Administratively, the lake is divided between Kirillovsky District (west) and Vozhegodsky District (east) of Vologda Oblast. The northern shore belongs to Kargopolsky and Konoshsky District of Arkhangelsk Oblast, but the boundary between the oblasts is drawn such that the whole area of the lake is in Vologda Oblast. In terms of the area, Lake Vozhe is the third natural lake of Vologda Oblast (behind Lake Onega and Lake Beloye and just ahead of Lake Kubenskoye) and the fourth lake (also behind the Rybinsk Reservoir).

Historically, Lake Vozhe was on the trading route connecting the basings of the Volga and the Onega via the Sheksna.

There is one big island on the lake, Spassky Island. On the island, ruins of the former monastery are located.

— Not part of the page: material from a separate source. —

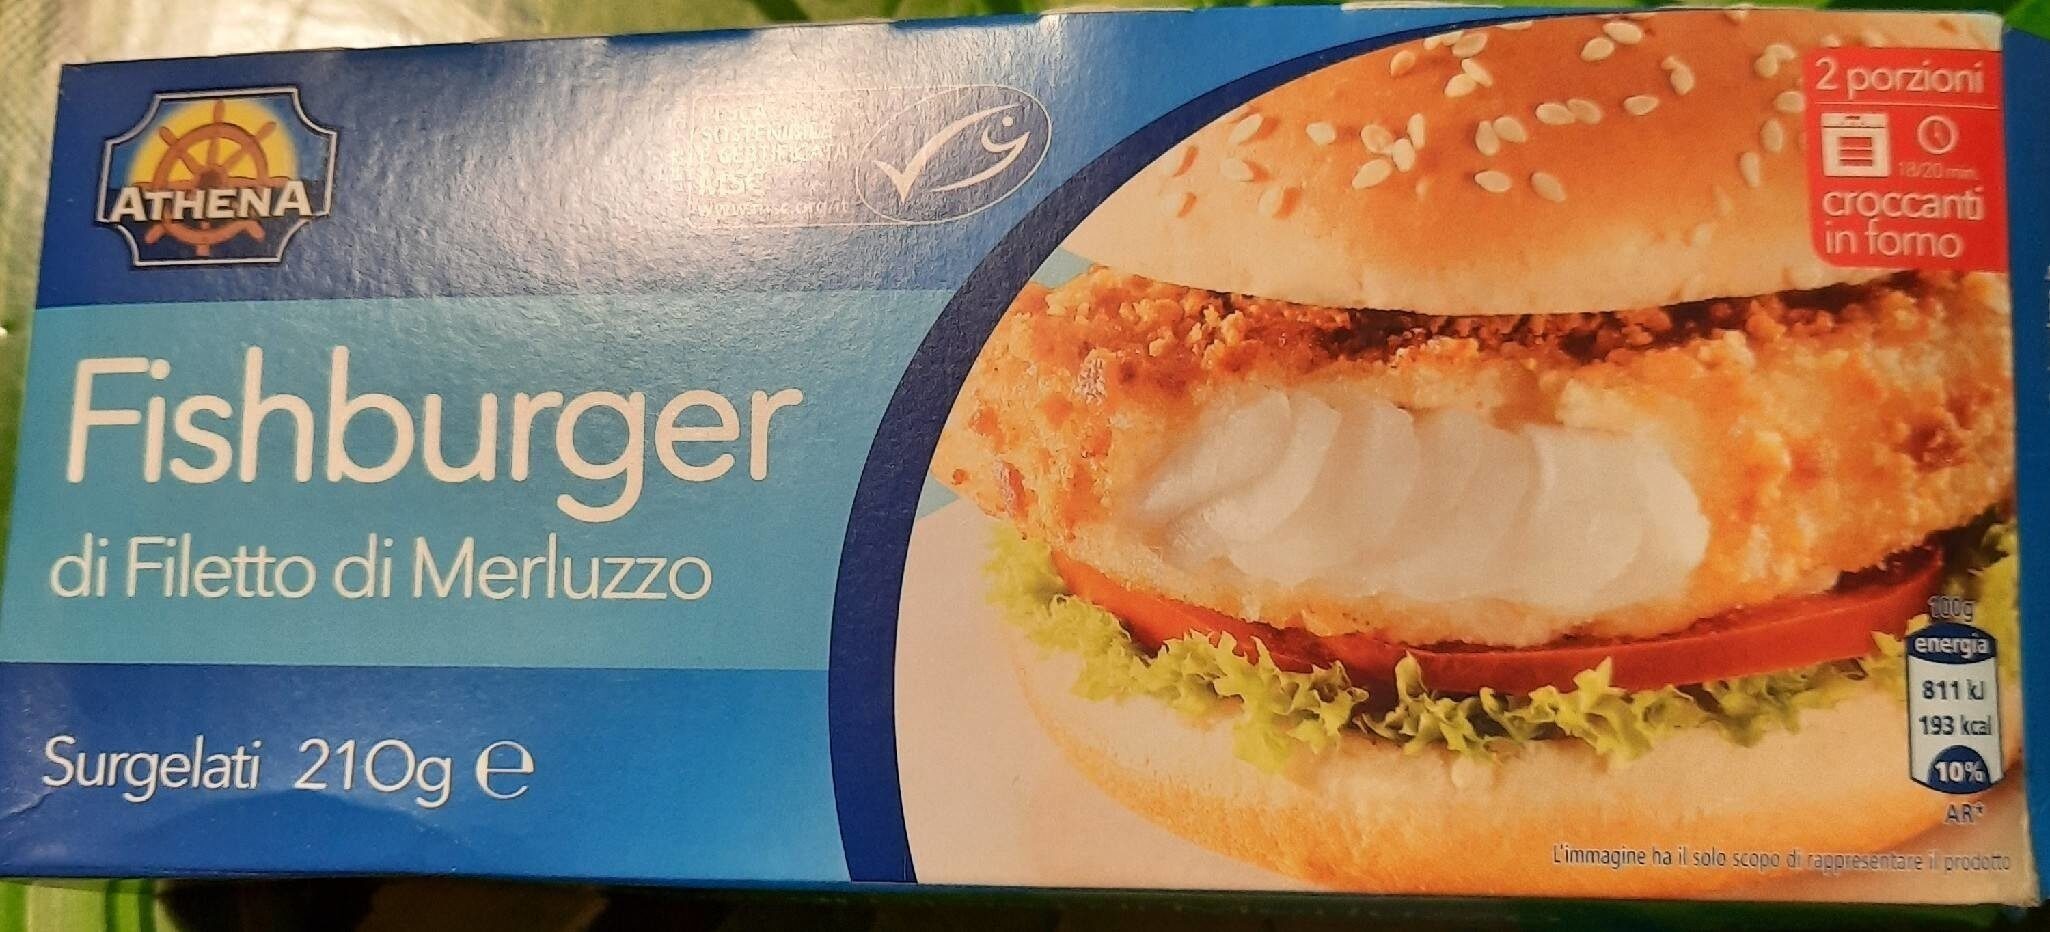 Fishburger di filetto di merluzzo - Prodotto

The only inhabited locality on the lakeshore is the village of Charonda which is a former trading settlement founded in the 13th century, currently blocked off by a huge bog, having the population under 10 people, and almost deserted. Charonda does not have all-seasonal land connections. Formerly, the village of Vasilyevskaya was located on the northern lakeshore. It had a railway station, Svid station, on the railway connecting the settlement of Yertsevo and the village of Sovza, located west of the lake. In Sovza, a number of prison camps were operating, and the railroad was used to transport timber. In 2006, the prison camps were closed, Sovza was abolished, and the railway was demolished. The village of Vasilyevskaya currently has no permanent population.